Adding an appropriate amount of xylanase to frozen dough can obviously improve the quality of steamed bread. An exceeding or insufficient amount of xylanase can lessen this quality-enhancing effect. Regardless whether xylanase was added, the quality of frozen dough steamed bread showed a certain degree of decline with the increase in dough freezing duration. T0 and Te−T0 were significantly lower, the ice crystals were smaller and more uniform, and freezable water content was lower in the xylanase-treated frozen dough than those in the blanks. The minimum frozen water content was (28.51 ± 0.37)% when xylanase was added at 80 mg/kg, which was 29.11% lower than that of the control (40.22 ± 0.43)%. Significant differences between these values were observed (P < 0.05).

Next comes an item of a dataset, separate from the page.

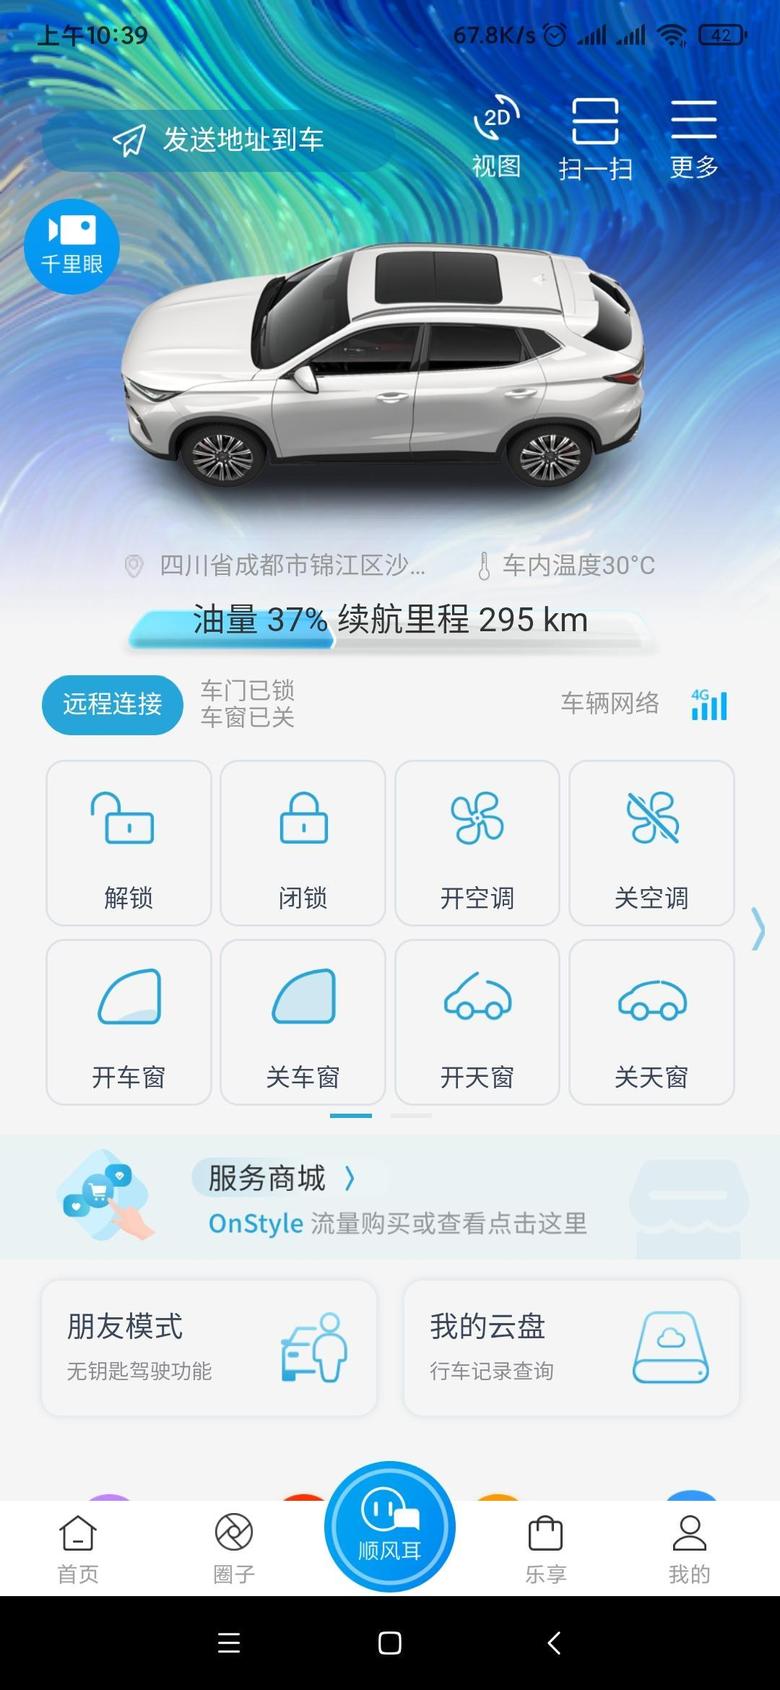 长安欧尚x5 欧尚app这个界面打开是空白的，看不到车辆状态了，好几天都是这个情况，你们的有问题吗？

Xylanase can reduce freezable water content, improve water retention in the gluten network, and improve the quality of steamed bread made from frozen dough. Xylanase can also form small and uniform ice crystals in frozen dough, thereby reducing the damage caused by large ice crystals on the gluten network and yeast cells and improving the quality of steamed bread. However, the available information about the effects of xylanase on frozen dough-derived steamed bread remains insufficient. In particular, the effects of xylanase on water migration and ice particle size need further investigation.
Acknowledgements We thank Dr. Liu Zelong for providing us with supportive advice and constructive consultations. This research was financially supported by China's 12 th Five-Year Plan grants 2007BAD74B02 (to S. Ren).